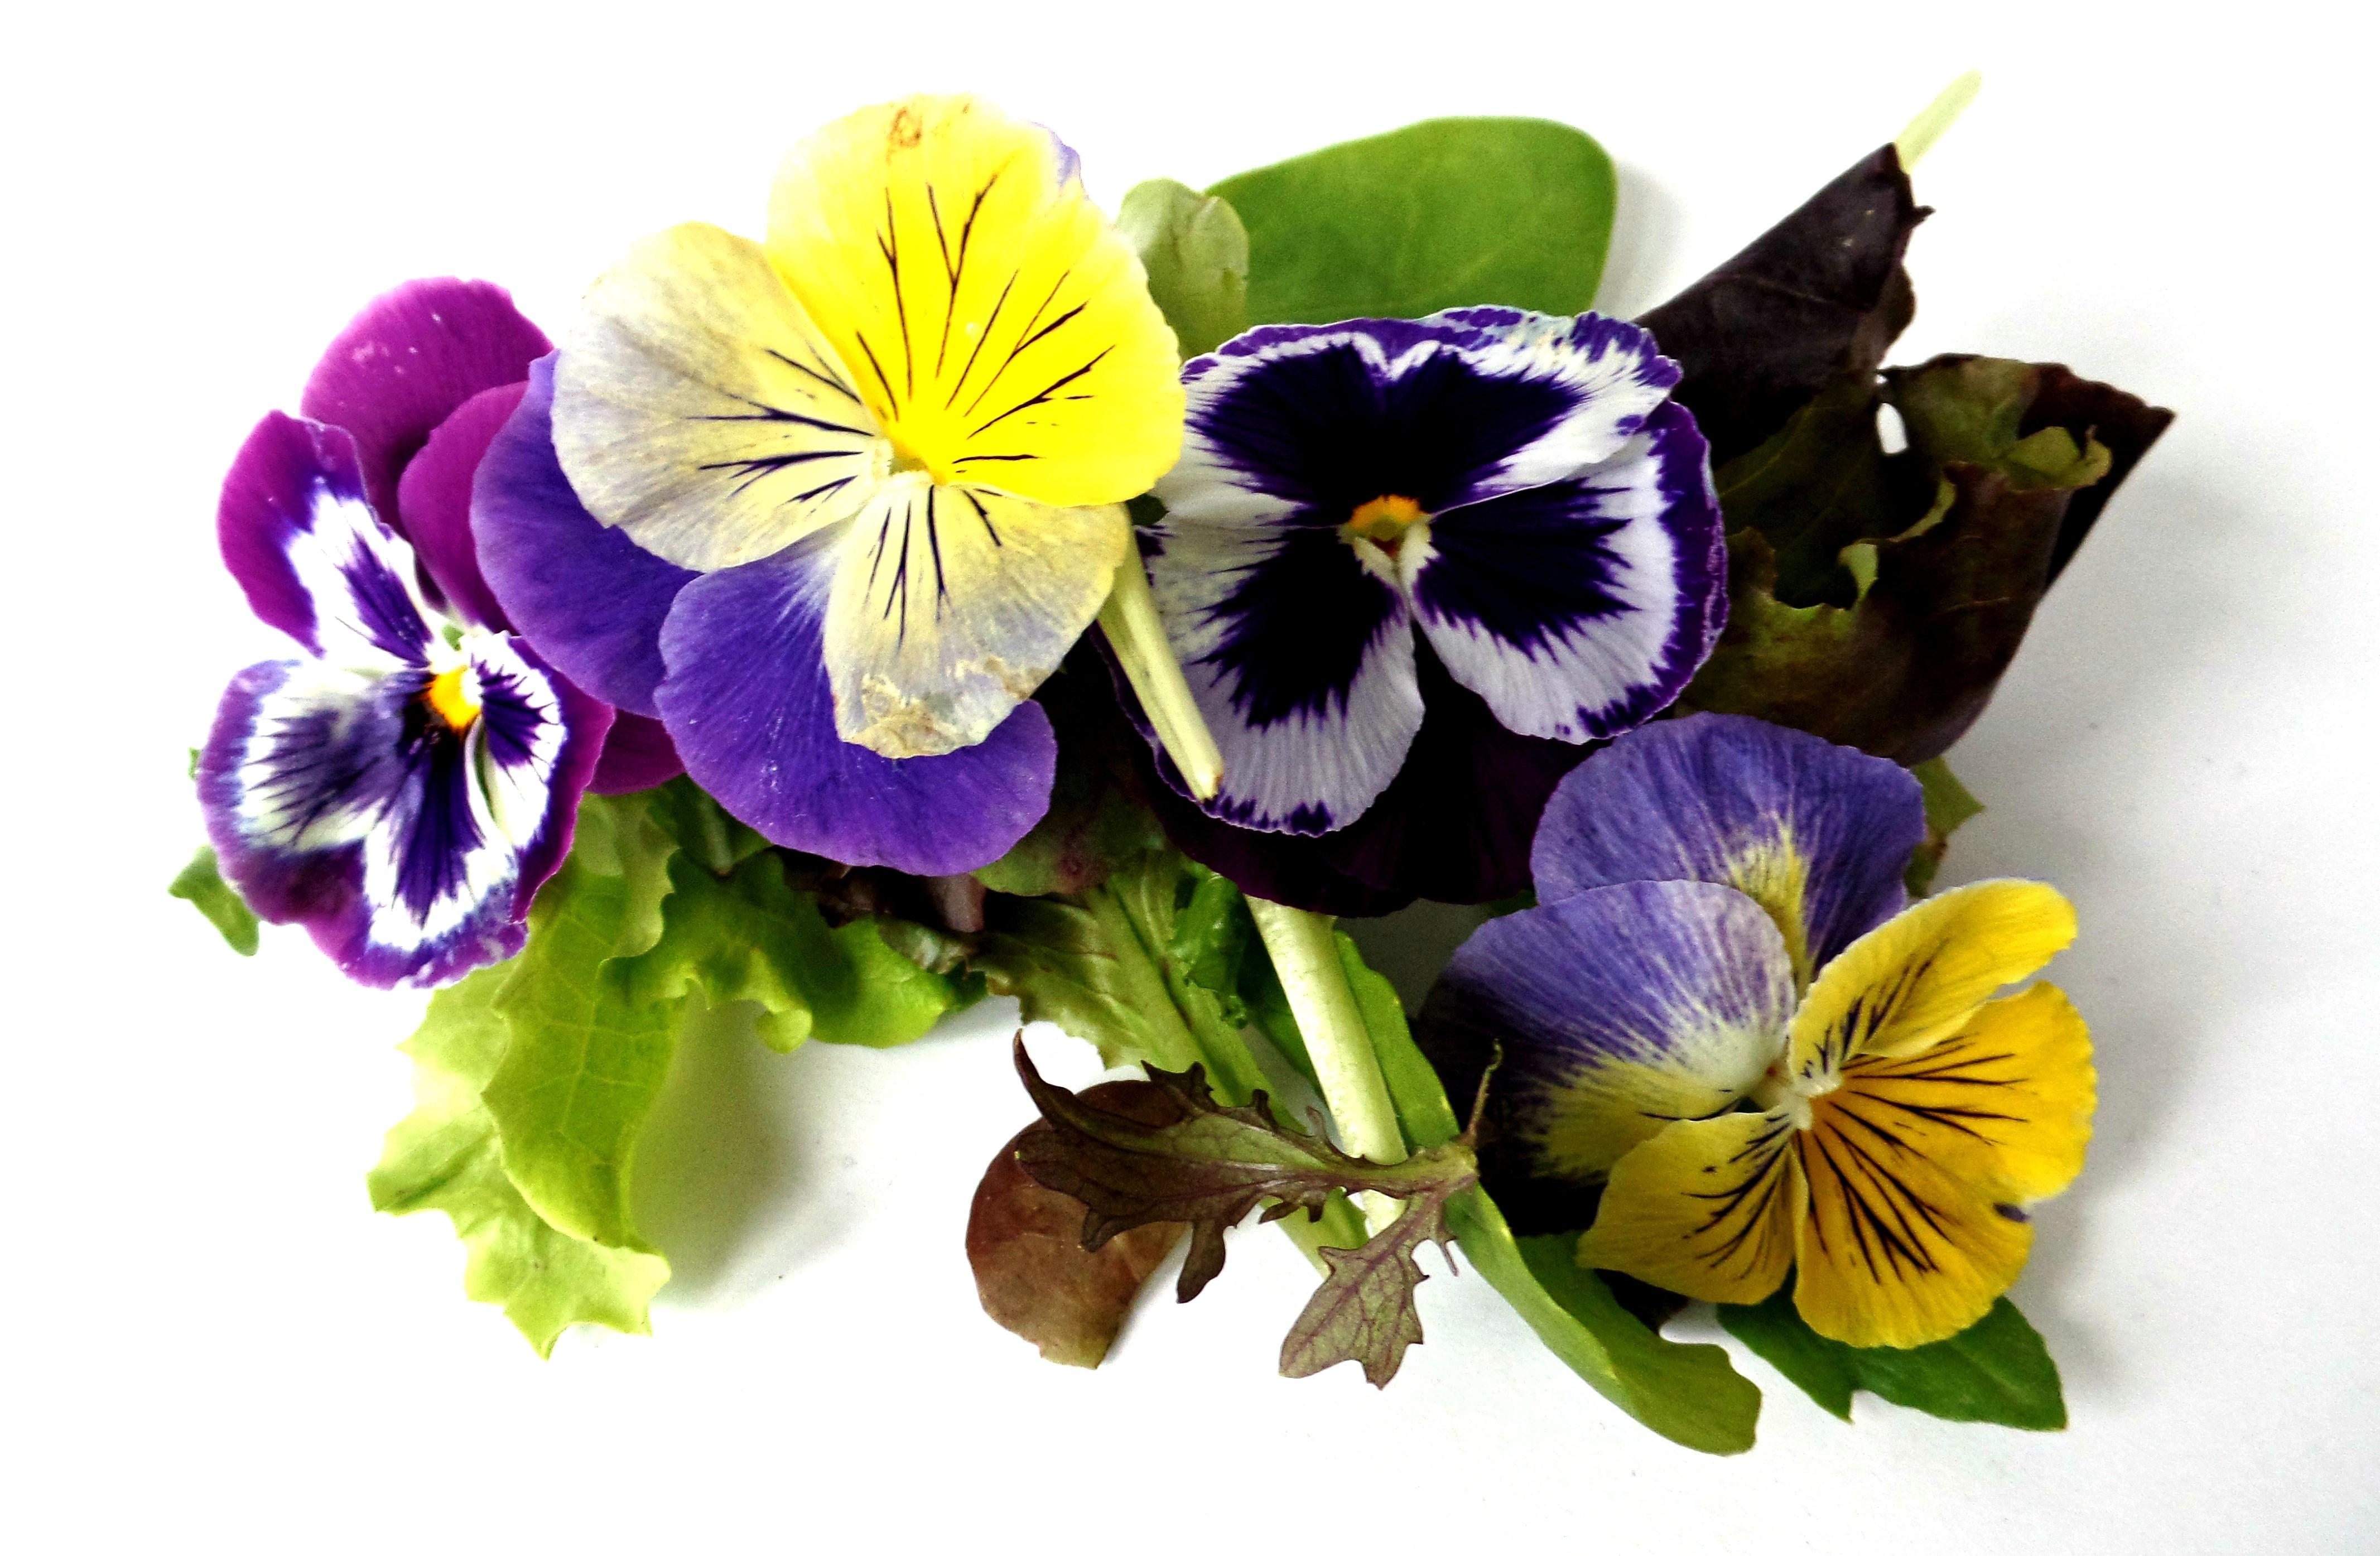 Free Images Meadow Purple Petal Bloom Summer Macro Botany
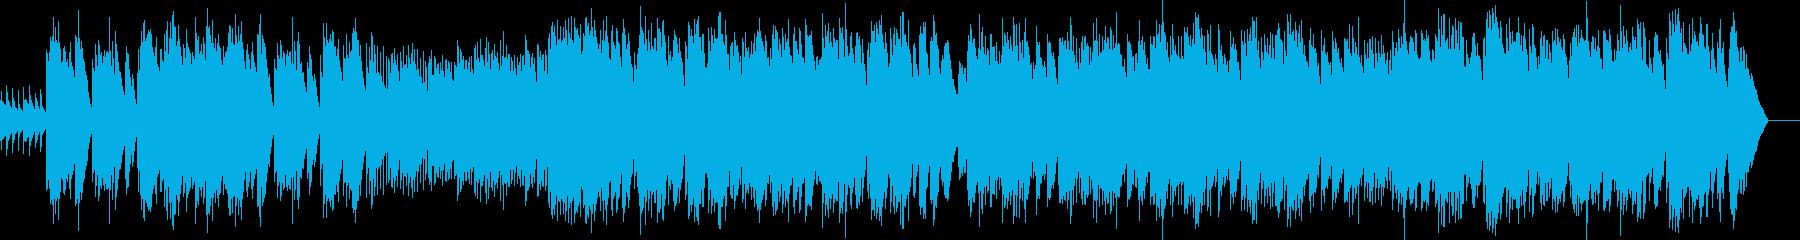 第7曲 葦笛の踊り(オルゴール)の再生済みの波形
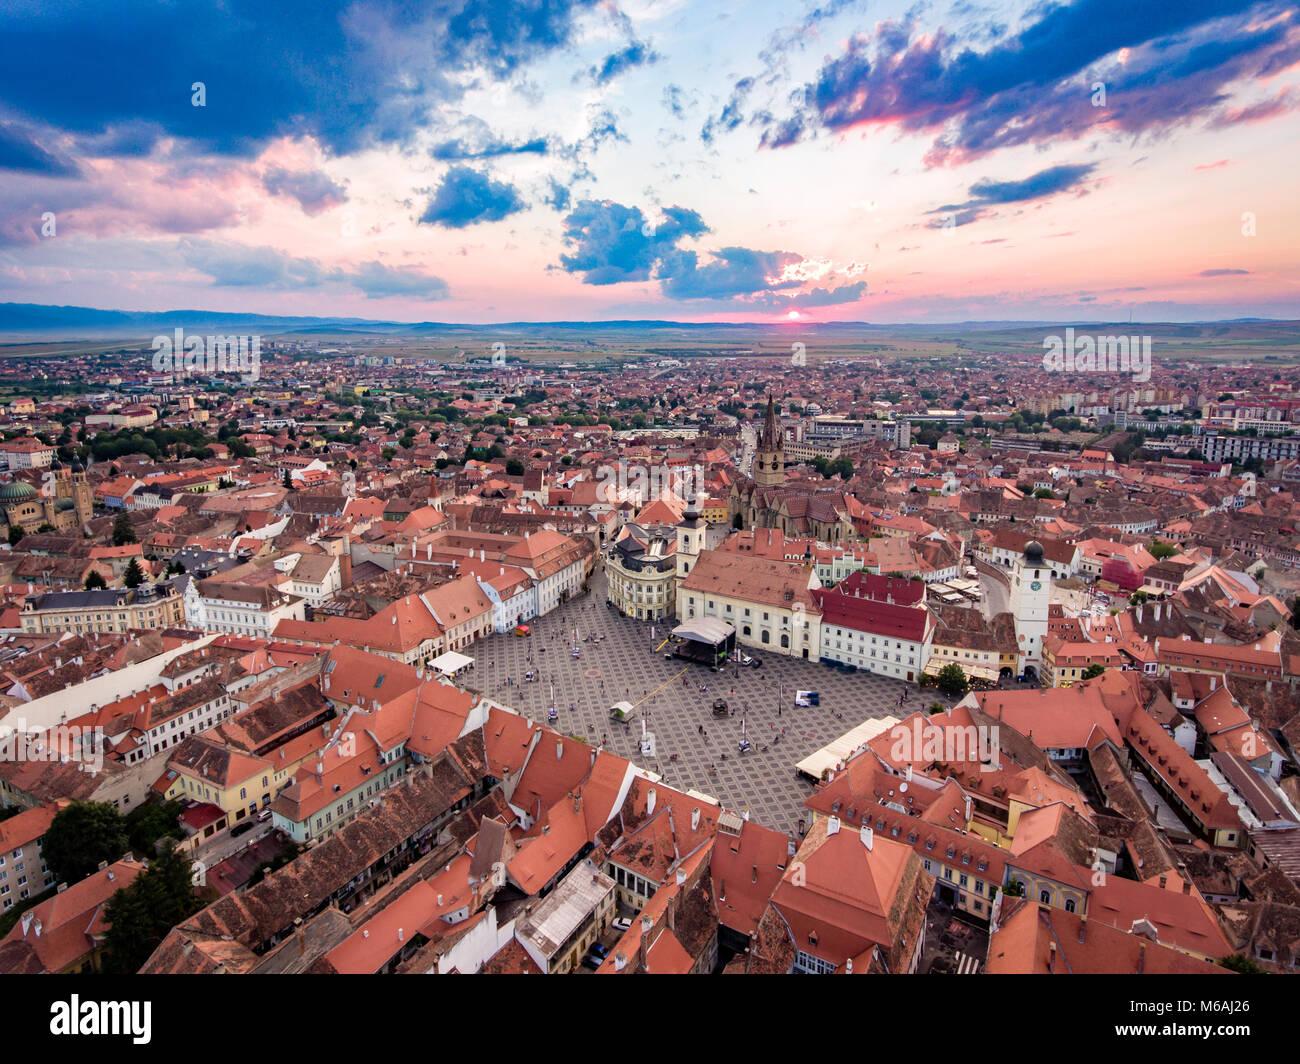 Sunset in Sibiu - Stock Image
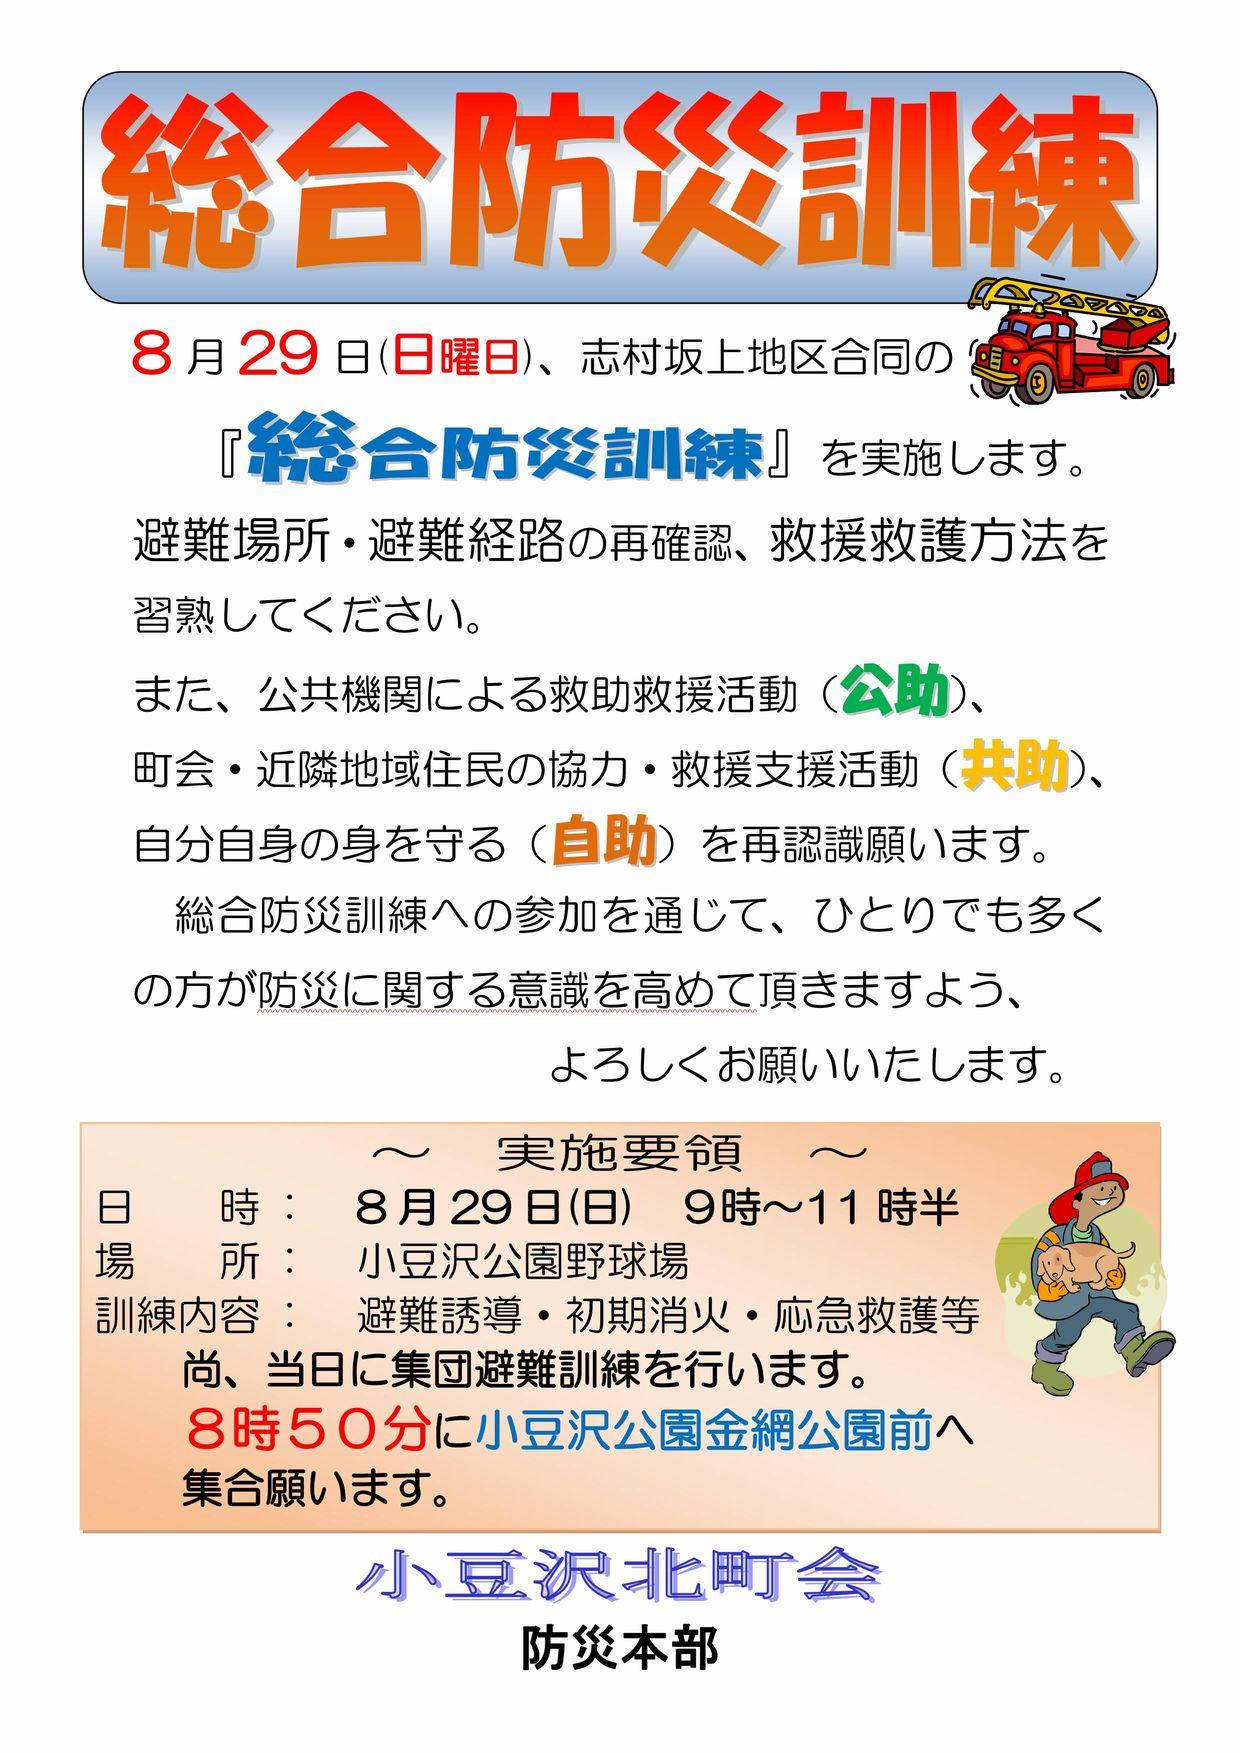 2010-08-29地域防災訓練

====

*WHAT IS NEEDED*. Repeat the data verbatim, excluding all pictures.

*REPLY*.
 Free Images Meadow Purple Petal Bloom Summer Macro Botany
 第7曲 葦笛の踊り(オルゴール)の再生済みの波形
 Sunset in Sibiu - Stock Image
 2010-08-29地域防災訓練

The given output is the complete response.